William "Jimmy" Hartwig (born 5 October 1954) is a German former professional footballer who played as a defensive midfielder. He played for Kickers Offenbach, TSV 1860 Munich, Hamburger SV, 1. FC Köln and FC Homburg of the Bundesliga and for Austria Salzburg of Austria. The son of an African-American soldier and a German mother, Hartwig was one of the first players who is of African descent in German and Austrian football.

Hartwig won the European Cup in 1983 with Hamburger SV, and was three times German league champion in 1979, 1982 und 1983 and three times league runner-up with Hamburger SV. He also earned two caps for the West Germany national team, making him only the second non-white player (after Erwin Kostedde) to achieve this feat.

After his playing career, Hartwig worked as a coach at FC Augsburg in 1989 and FC Sachsen Leipzig in 1990. He entered the TV business, where he has been working ever since, whilst also appearing in the theatre as an actor.

Personal life

In his 1994 autobiography, Hartwig described his tough childhood in the city of Offenbach am Main where he was born.
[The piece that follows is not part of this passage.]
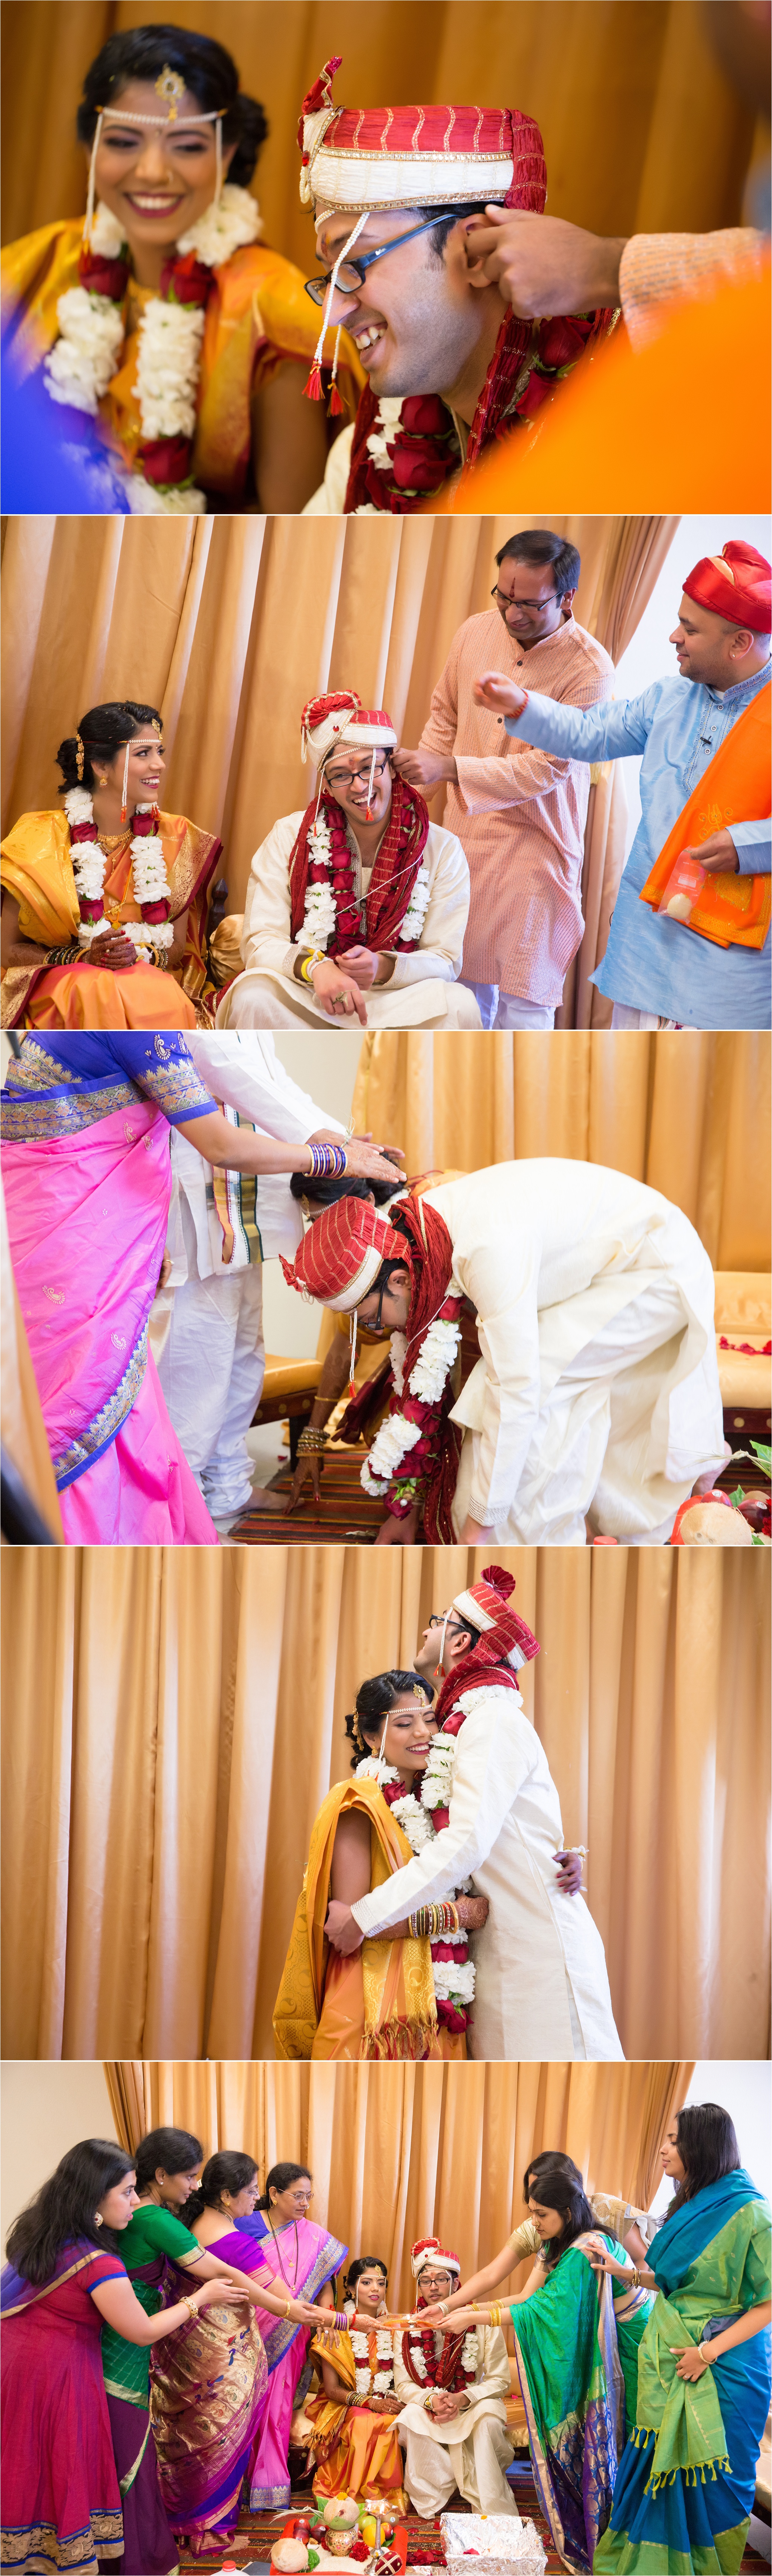 Livermore_Temple_Hindu_Wedding_Photos_0017.jpg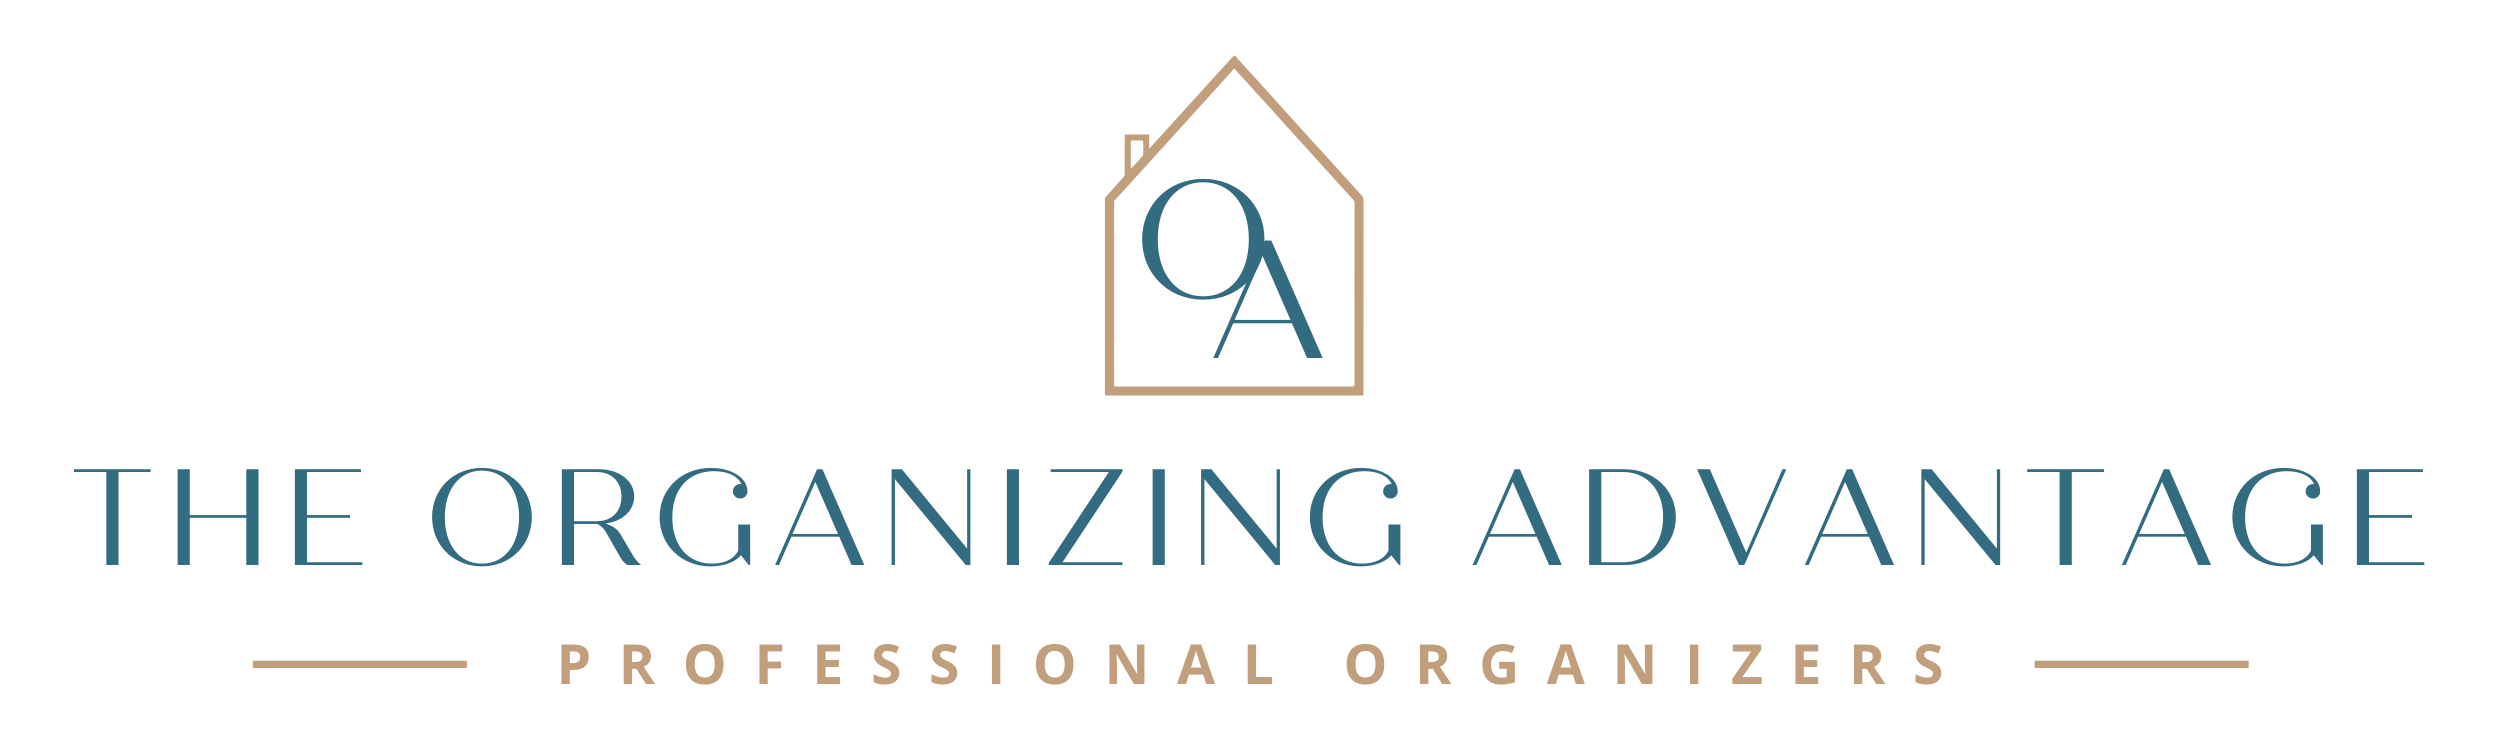 Minneapolis Professional Organizers | The Organizing Advantage

He recounted a childhood full of poverty and anti-black racism, with only his German mother as support; his biological African father from Senegal never took care of him.

Hartwig is married for the fourth time and has three children.

In 2021, he featured in , a documentary detailing the experiences of Black players in German professional football.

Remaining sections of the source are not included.